The present invention compared with prior art has following beneficial effect:
1. protection blood vessel and inflammation-inhibiting reaction;
2. reach and prevent intracranial vessel in-stent restenosis;
3. blood vessel dilating function.
Brief description of the drawings
Fig. 1 is intracranial bracket for eluting medicament induction system structure chart;
Fig. 2 is intracranial bracket for eluting medicament one deck drug-loaded layer;
Fig. 3 is the multilayer drug-loaded layer of intracranial bracket for eluting medicament.
In figure:
Medicine 3, support matrix 4, one deck drug-loaded layer 5 and multilayer drug-loaded layer 6 that induction system 1, support 2, support carry.
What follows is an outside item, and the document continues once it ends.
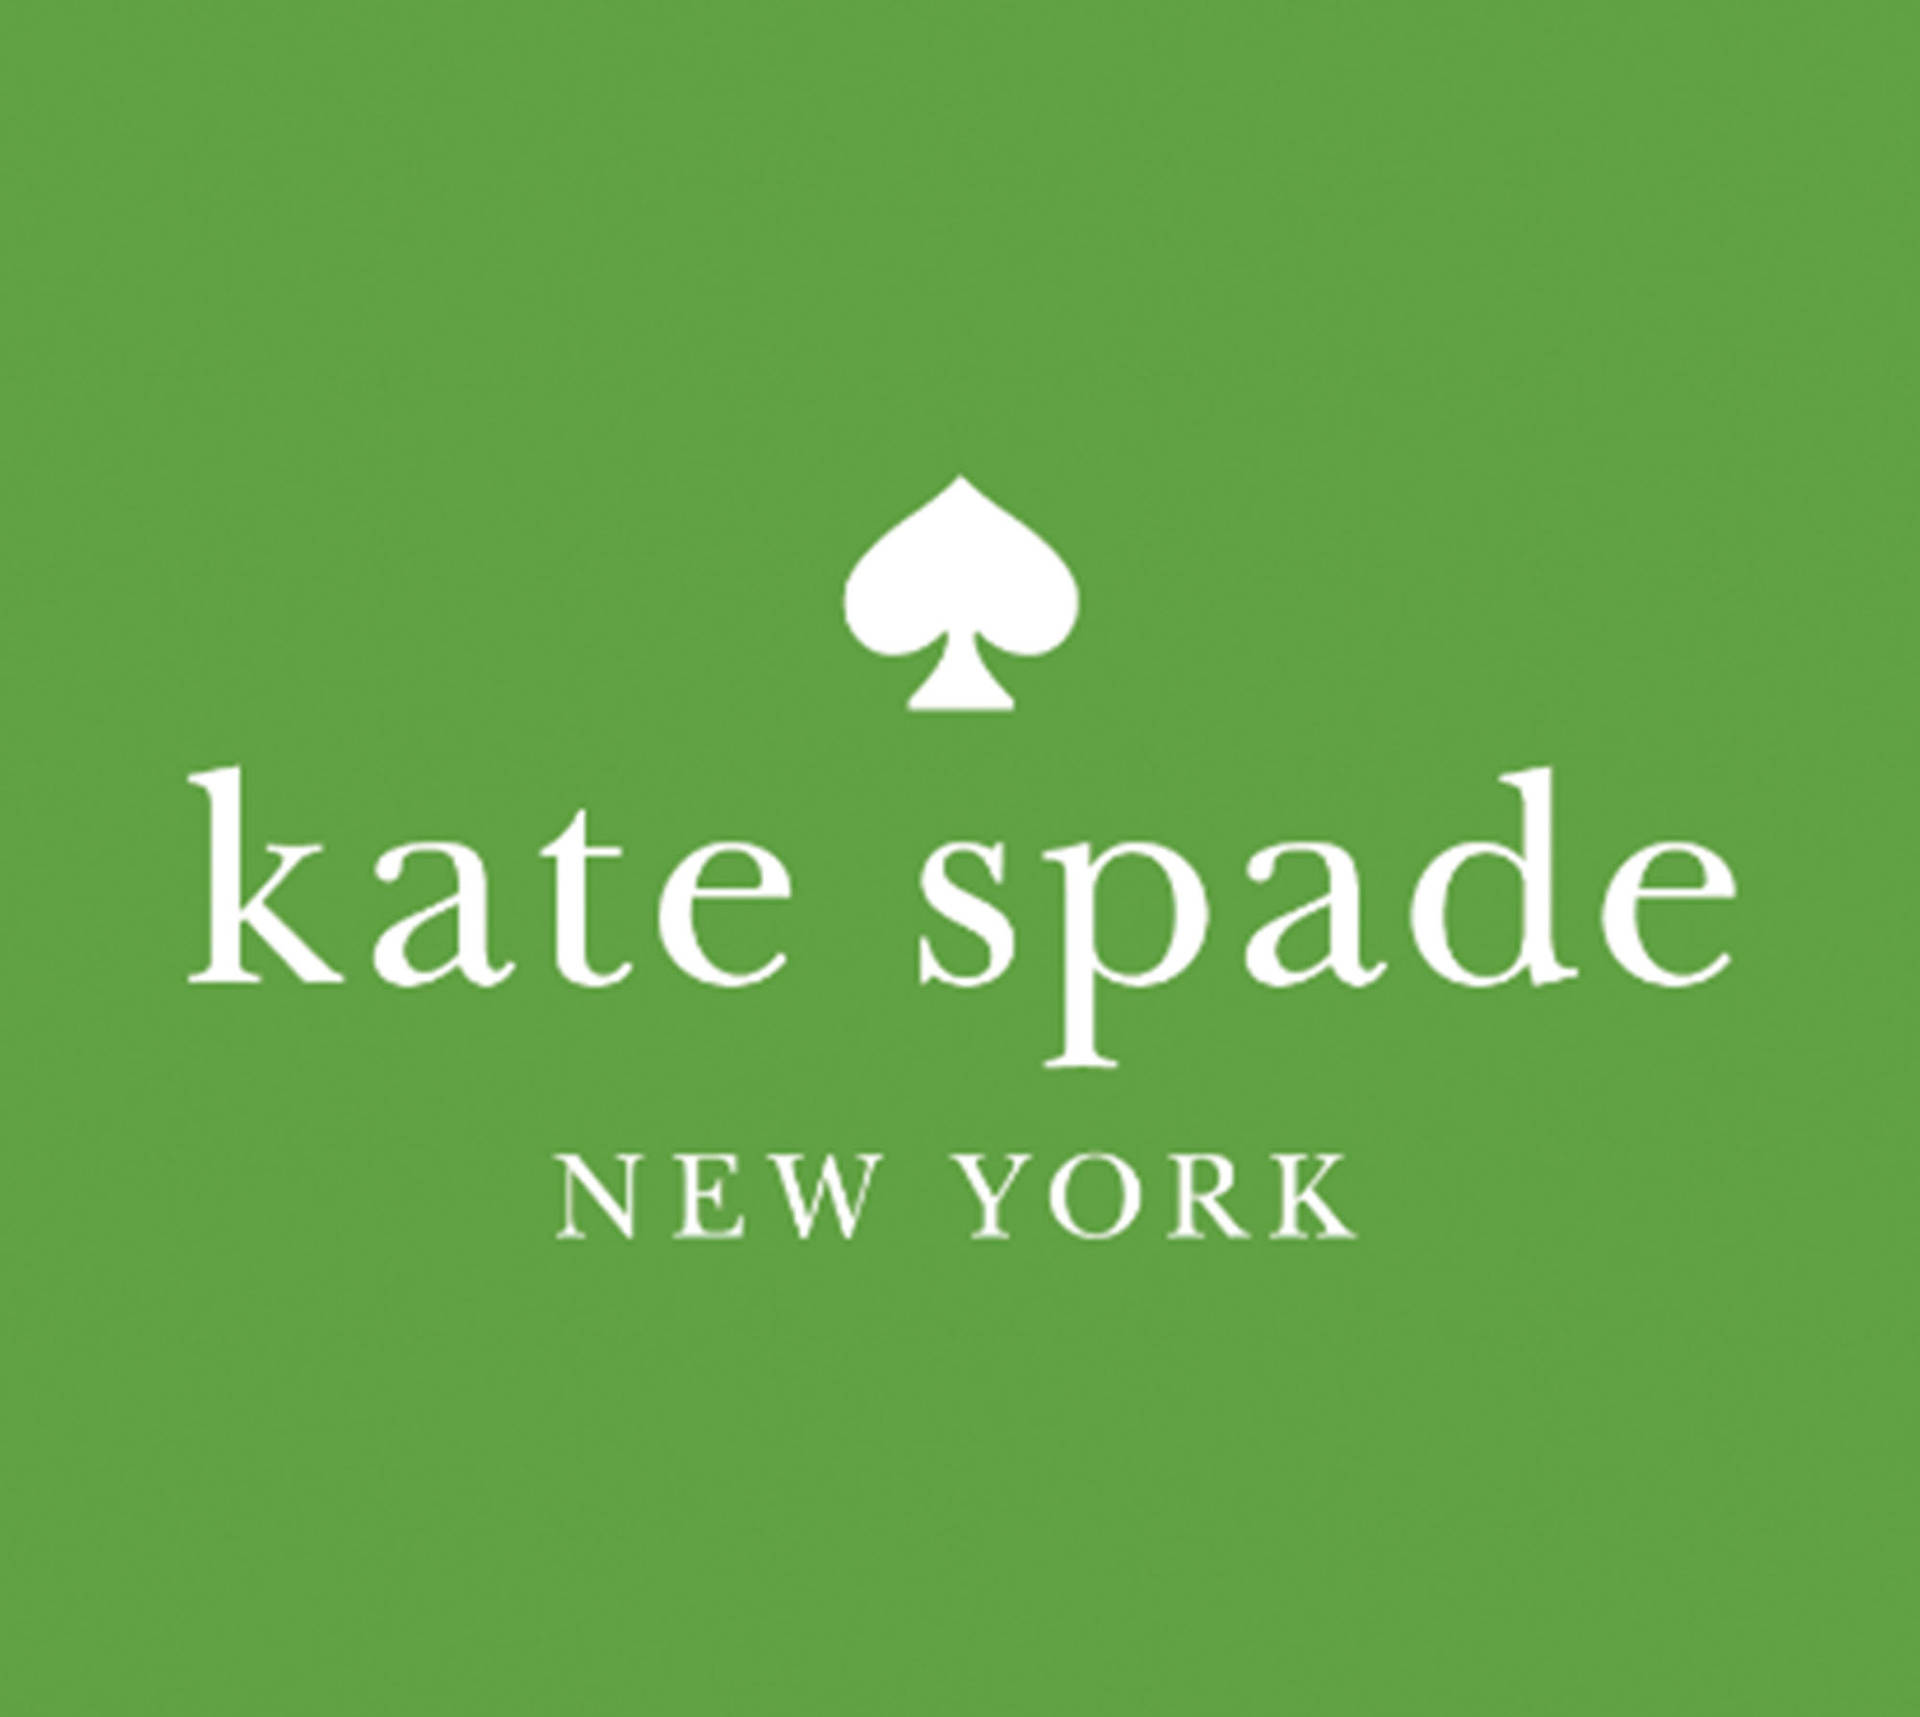 Kate Spade New York Green Poster Background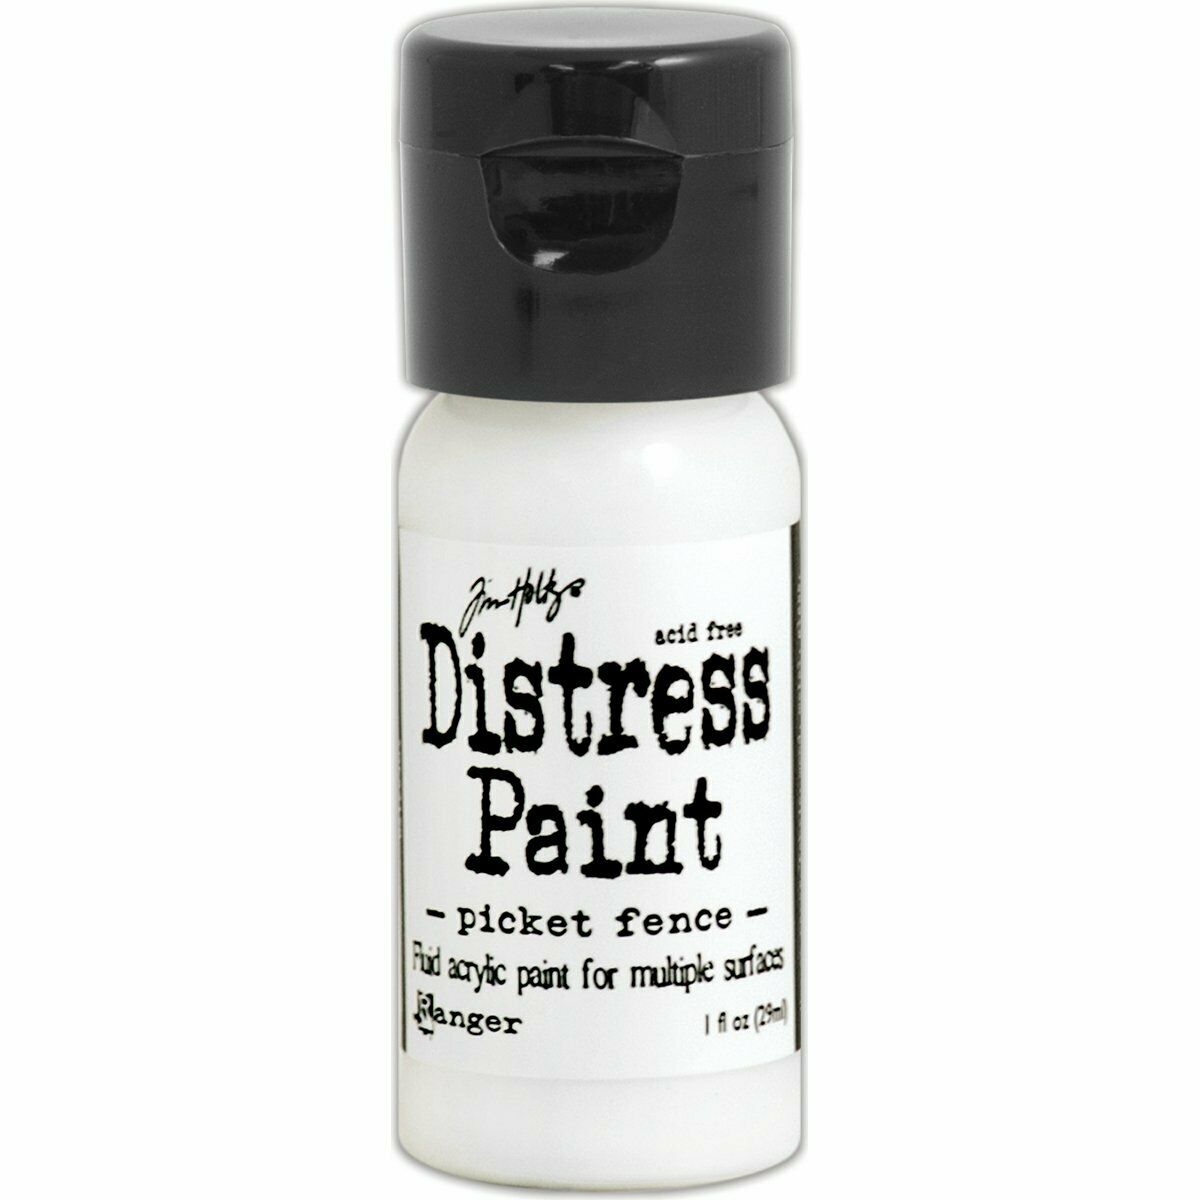 Distress Paint Picket Fence

Detailed description of the invention
Below by the drawings and specific embodiments, content of the present invention is further described:
Specific implementation method:
By adopting conventional bracket for eluting medicament manufacture method, take attached drug-loaded layer in support.Drug-loaded layer comprises active component.Described active component is cilostazol.Bracket for eluting medicament reaches lesion locations, after support expansion, prevents the restenosis in support by the active ingredient cilostazol of drug-loaded layer.Cilostazol is by suppressing phosphodiesterase 3, thereby the concentration of increase cyclic adenosine monophosphate reaches the effect of anticoagulant.Simultaneously, cilostazol has protective effect to blood vessel, its mechanism of action is as follows: 1) by promoting the activity of eNOS (eNOS), (NO is important vasodilator to rising nitric oxide (NO) concentration, can improve microcirculation, safeguarding vascular endothelial function, constructing in vascular homeostasis process and play an important role); 2) suppress biologically active pdgf, antithrombotic forms; 3) expression of inflammation-inhibiting medium (cytokine MCP-1, PDGF, TNF-α, adhesion molecule VCAM-1 etc.), avoids blood vessel endothelium inflammatory damage; 4) suppress monocytic and migrate, propagation (monocytic migrating, adhering to blood vessel and penetrating interior subcutaneous formation foam cell is atherosclerotic early lesion, suppresses this process and can protect endothelium, suppresses atherosclerosis).In addition, cilostazol, as selectivity phosphodiesterase iii inhibitor, can suppress phosphodiesterase iii in vascular smooth muscle, rising cAMP concentration, thus blood vessel dilating improves blood flow.Cilostazol is the first strong antiplatelet drug with blood vessel dilating effect in the world.Its mechanism of action is as follows: 1) exciting cAMP dependent protein enzyme, and this enzyme activates sarcolemmic calcium ion pump, causes calcium efflux, and intracellular calcium level declines, thus blood vessel dilating smooth muscle, vasodilator; 2) activate sodium/potassium ATP enzyme, promote efflux of K+ ions, cause film hyperpolarization, voltage dependent channel on film is closed, flow of calcium ions reduces, thus vasodilator; 3) dephosphorylation of enhancing myosin light chain kinase, because myosin light chain phosphorylation can make actomyosin be activated myosin ATPase, thereby causes smooth muscle contraction, removes the expansible vascular smooth muscle of Phosphation so strengthen.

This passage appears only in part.